**Description of the task**
Give back all of the data exactly as it stands, with the pictures removed.

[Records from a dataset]
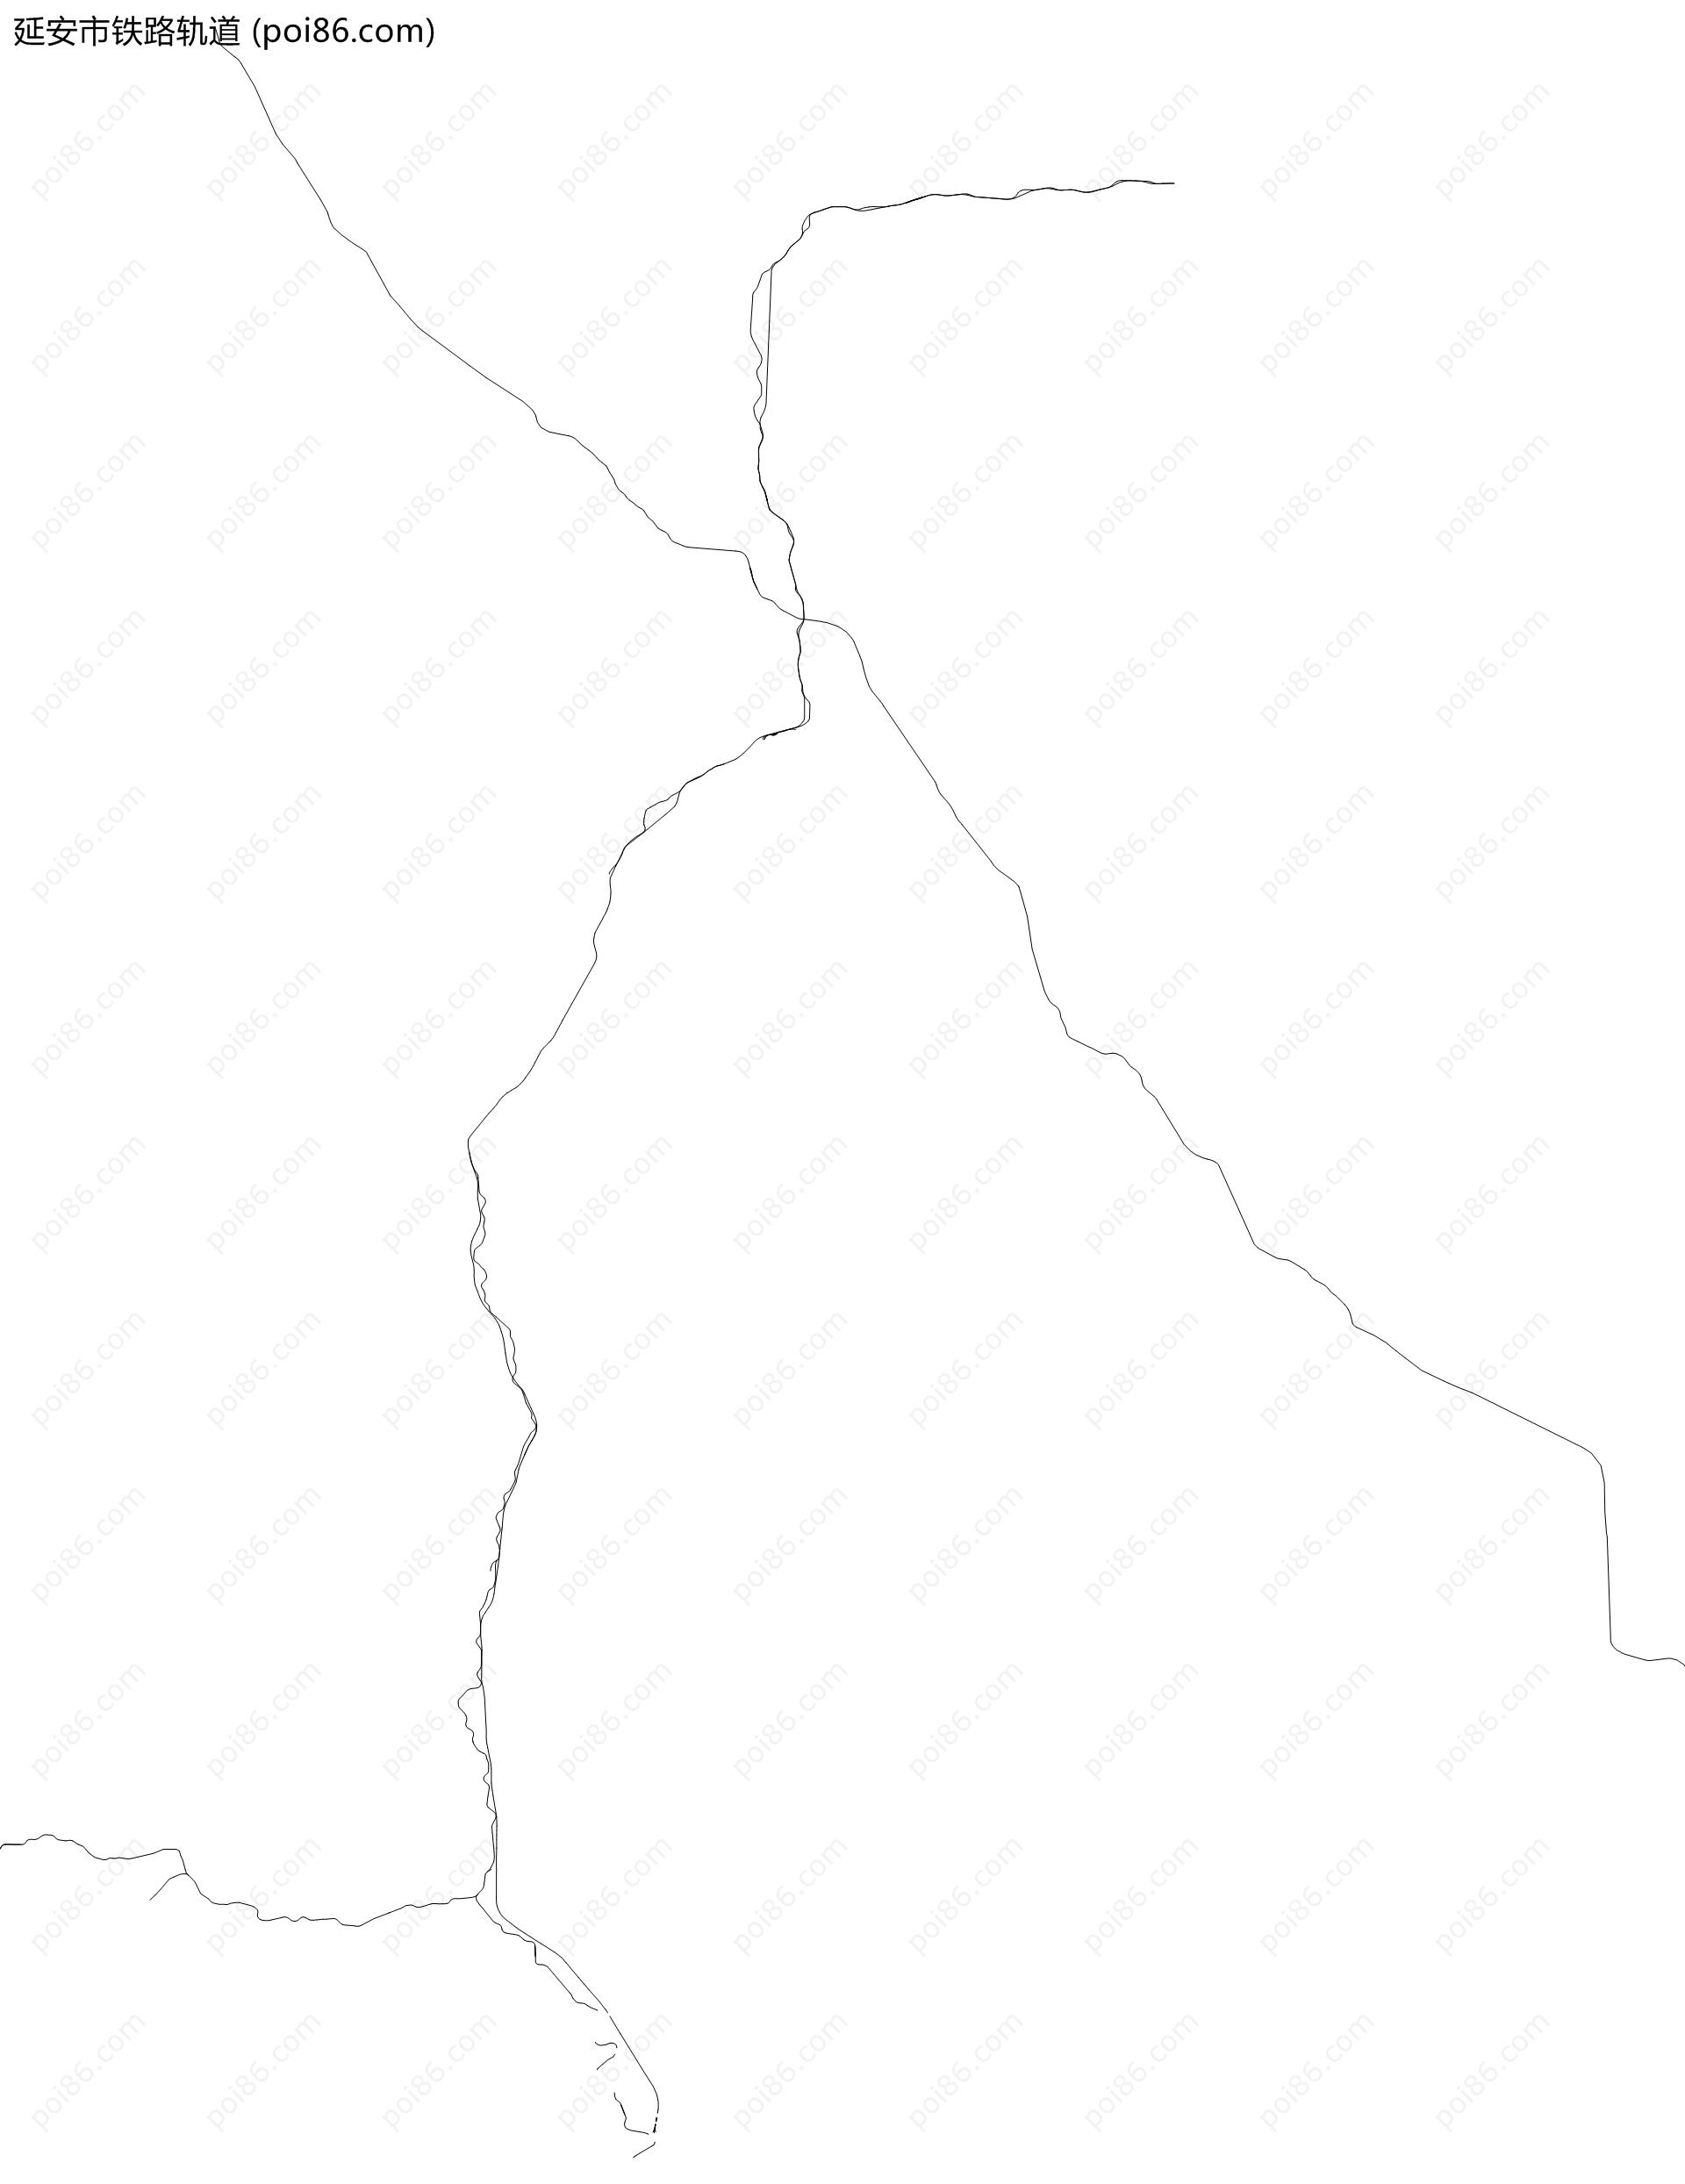 延安市铁路轨道地图
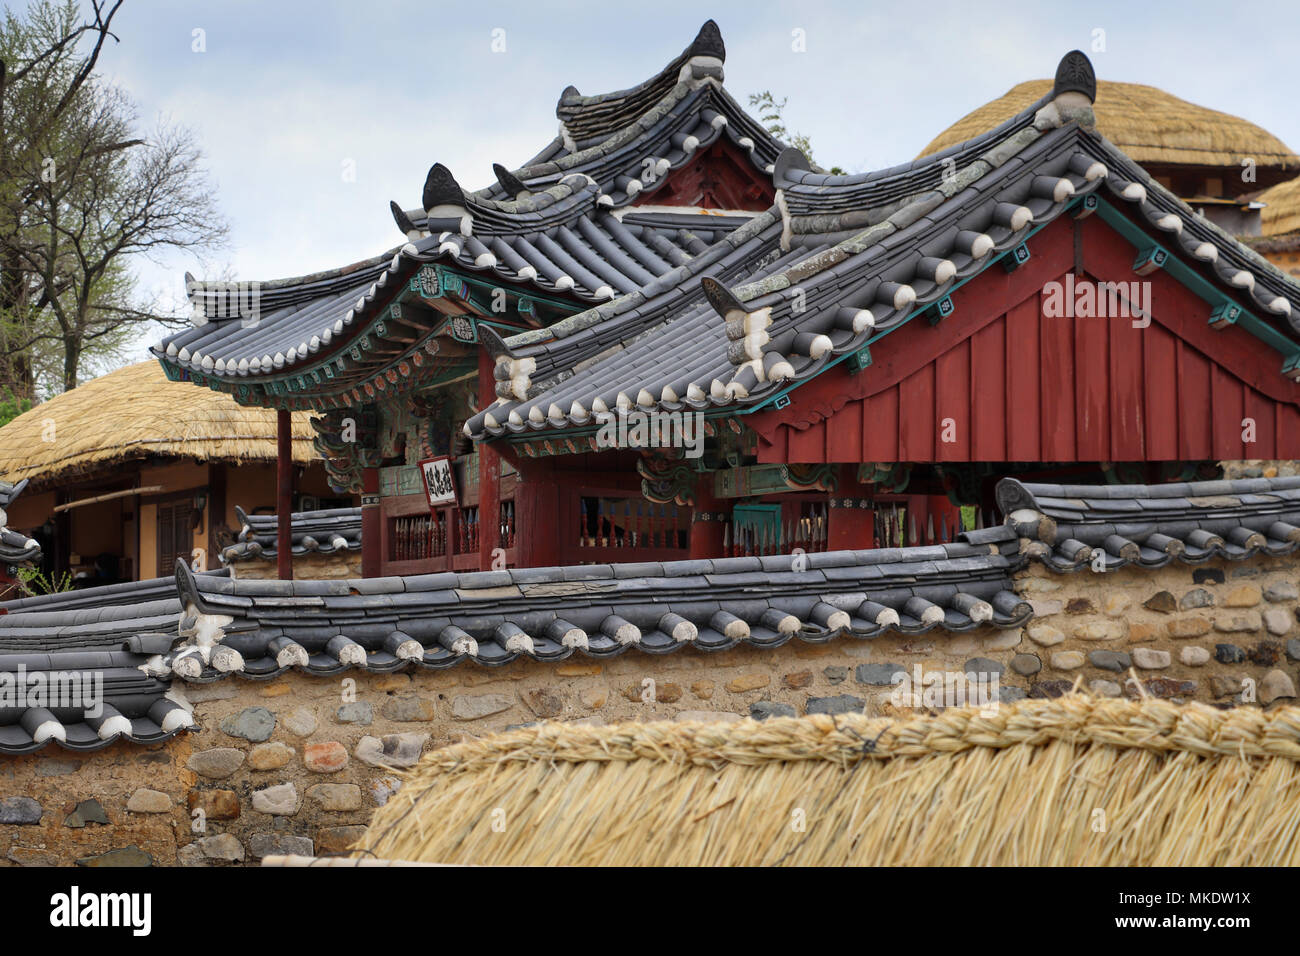 Ein gefliestes Dach Pavillon auf der Yangdong Folk Village in der Nähe von Gyeongju, Südkorea, hat ein dichtes Dach, Steinmauer Gehäuse; in der Nähe Häuser sind reetgedeckte Stockfoto
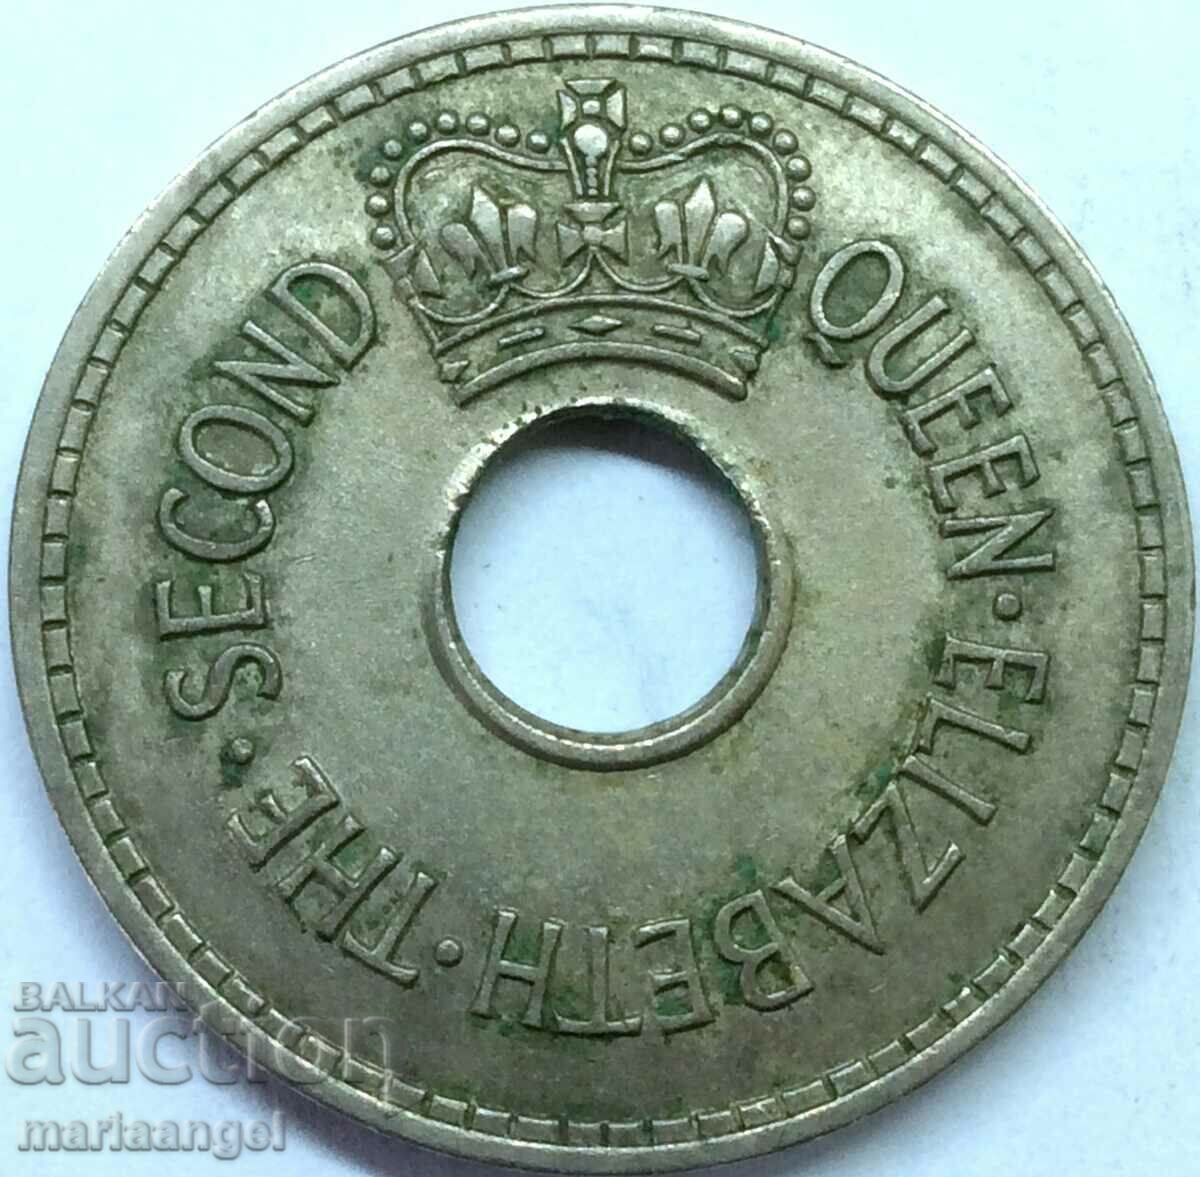 Fiji 1965 1 penny Elizabeth II
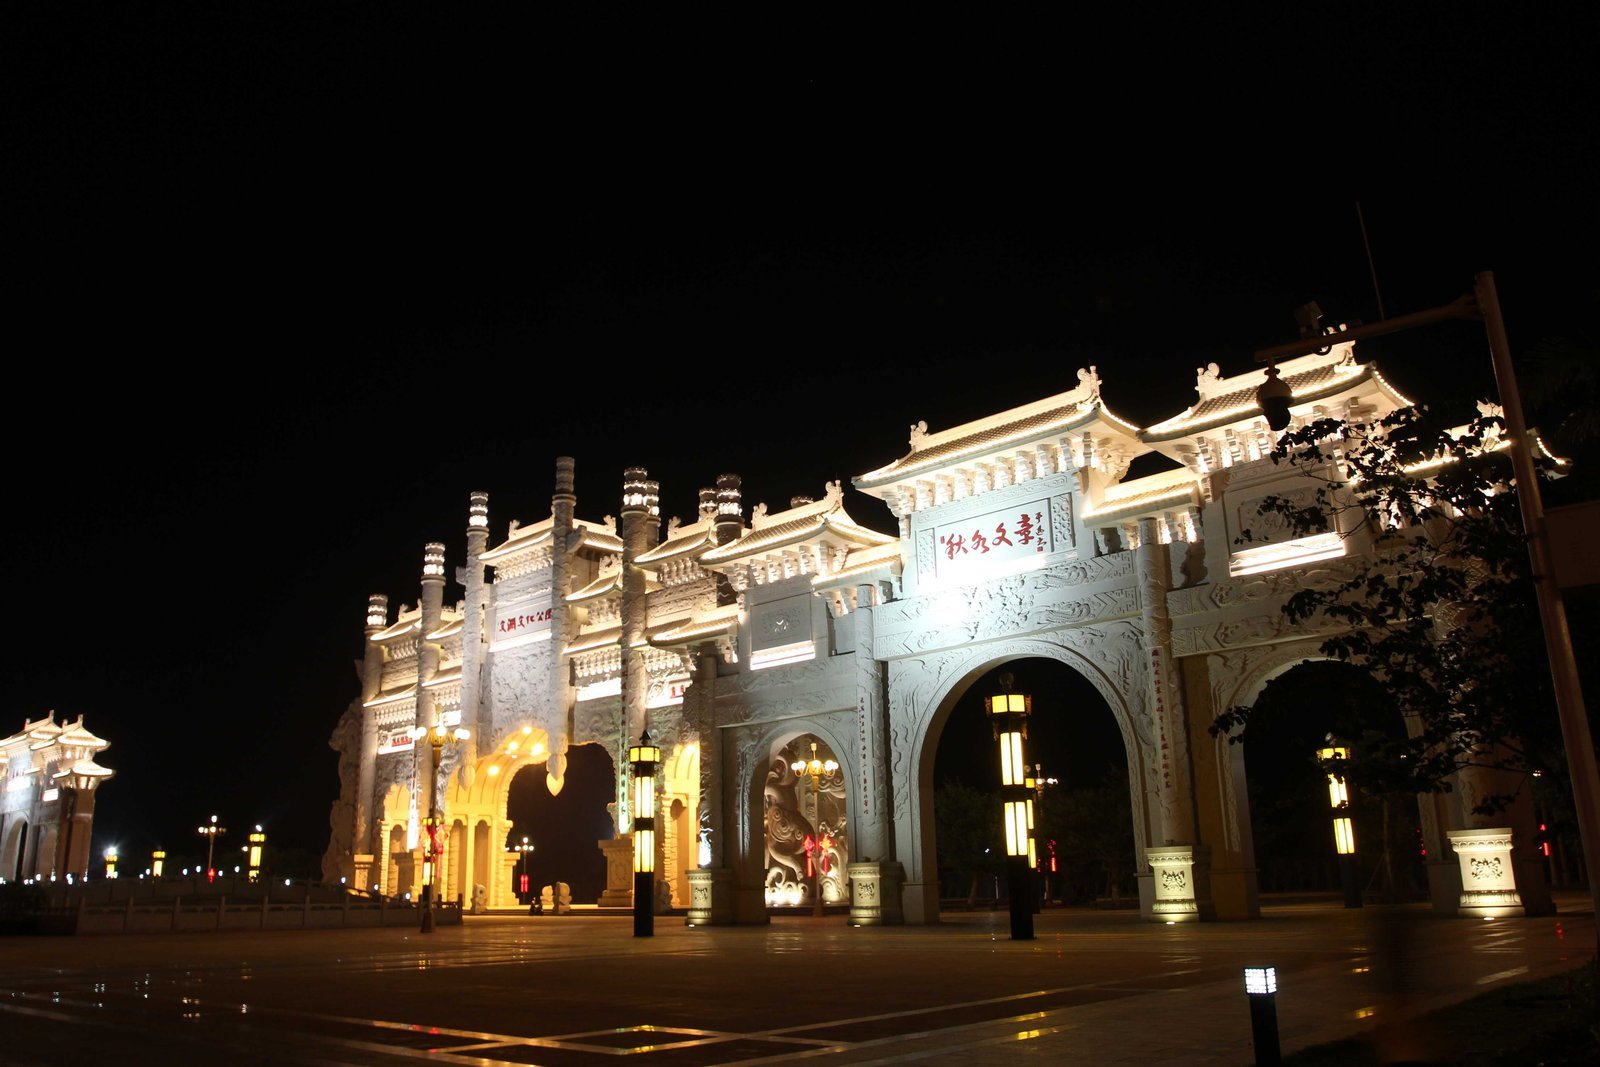 临高文澜文化公园:1.7公里长的牌坊蔚为壮观,夜
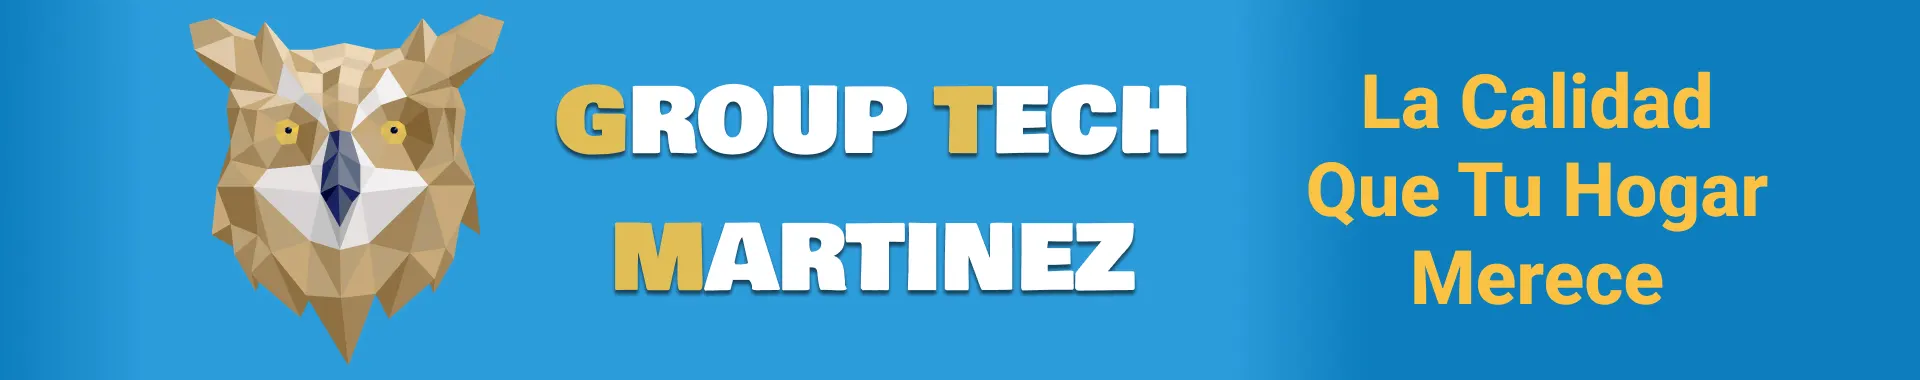 Imagen 2 del perfil de Group Tech Martínez

**Solution to this task**
 延安市铁路轨道地图
 Ein gefliestes Dach Pavillon auf der Yangdong Folk Village in der Nähe von Gyeongju, Südkorea, hat ein dichtes Dach, Steinmauer Gehäuse; in der Nähe Häuser sind reetgedeckte Stockfoto
 Fiji 1965 1 penny Elizabeth II
 临高文澜文化公园:1.7公里长的牌坊蔚为壮观,夜
 Imagen 2 del perfil de Group Tech Martínez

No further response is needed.